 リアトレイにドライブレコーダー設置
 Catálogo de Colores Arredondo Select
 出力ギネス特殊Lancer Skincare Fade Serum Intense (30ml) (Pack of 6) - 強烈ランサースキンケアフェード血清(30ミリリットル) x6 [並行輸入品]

--

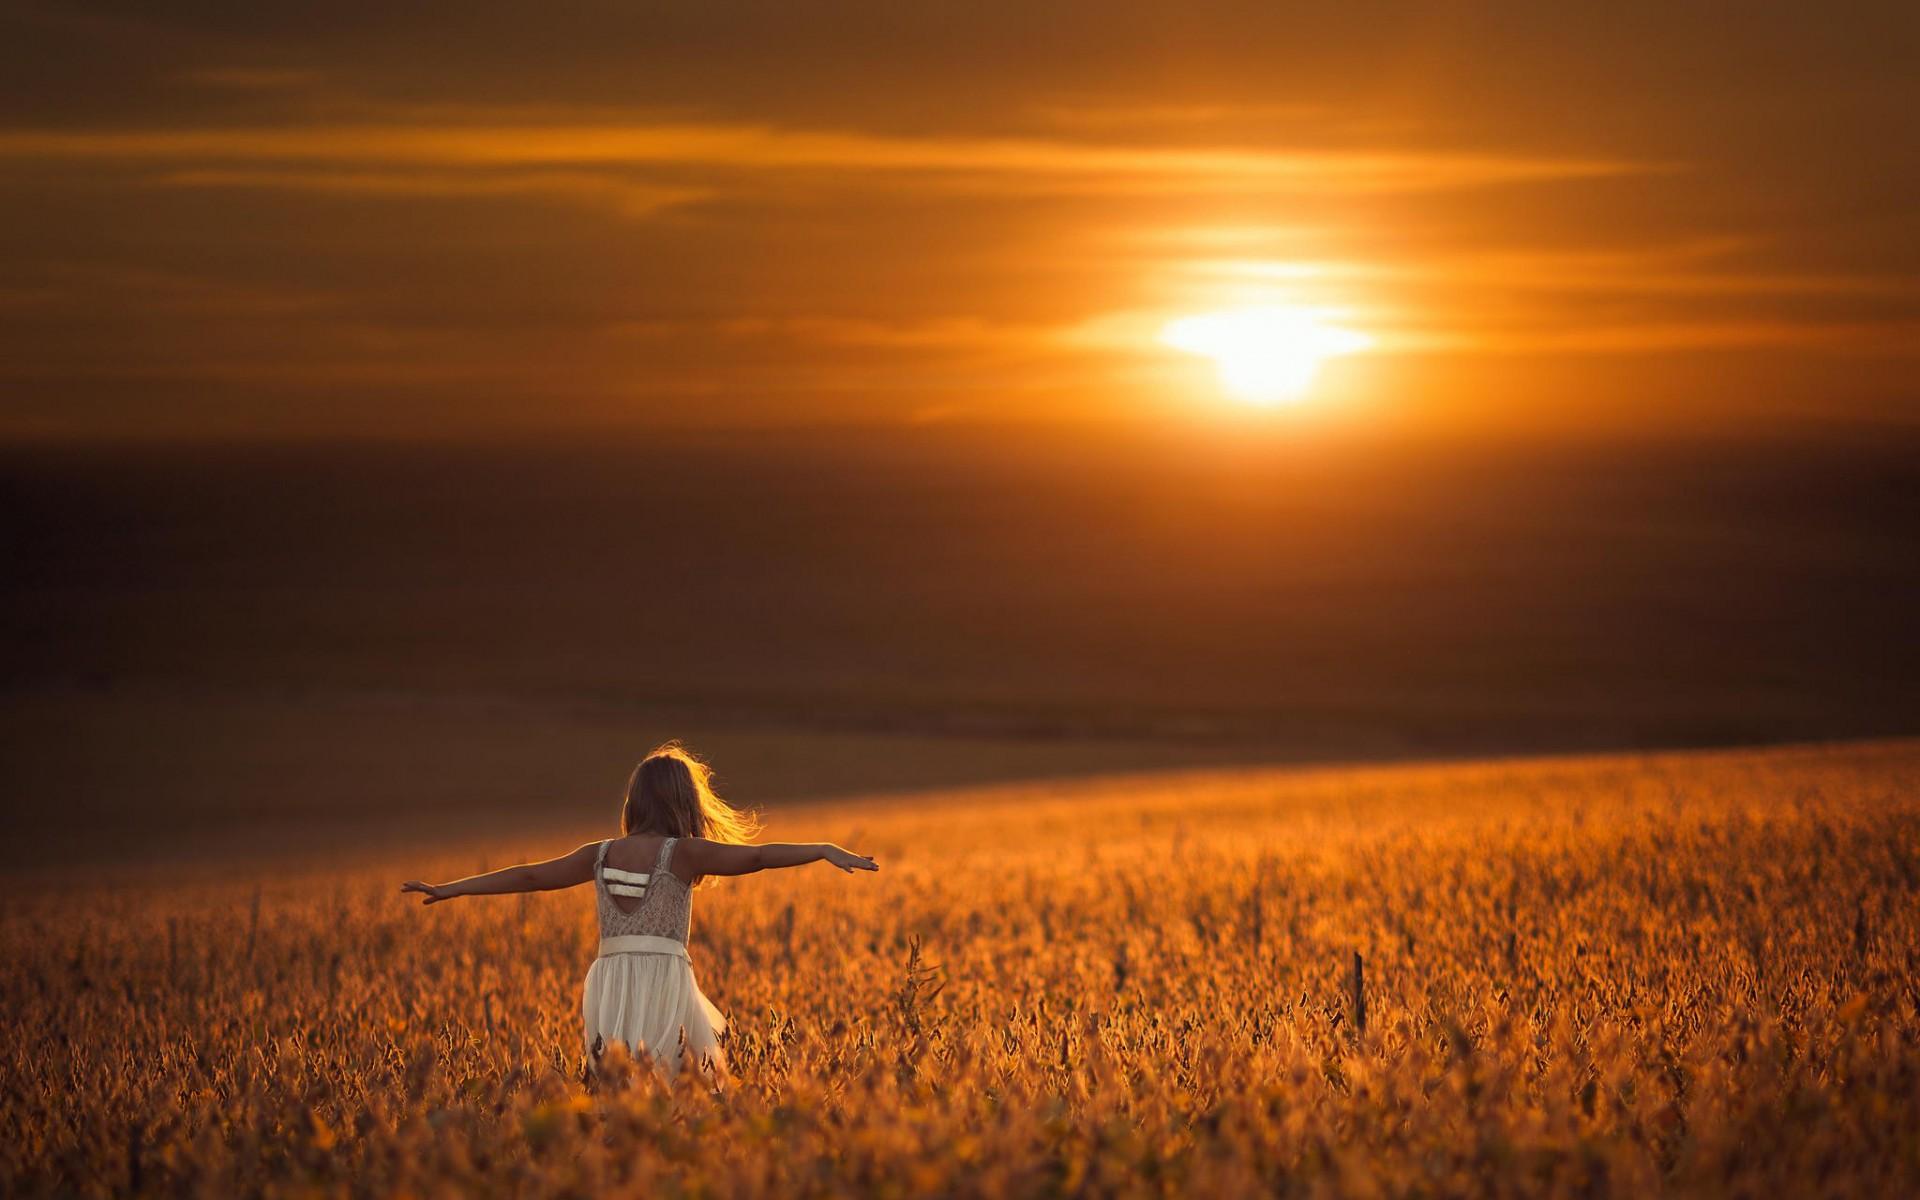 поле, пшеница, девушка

### Task statement
Could you restate word for word the lines above, from the one that contains "Catálogo de Colores Arredondo Select" through the one that contains "出力ギネス特殊Lancer Skincare Fade", and no others?

### Written solution
 Catálogo de Colores Arredondo Select
 出力ギネス特殊Lancer Skincare Fade Serum Intense (30ml) (Pack of 6) - 強烈ランサースキンケアフェード血清(30ミリリットル) x6 [並行輸入品]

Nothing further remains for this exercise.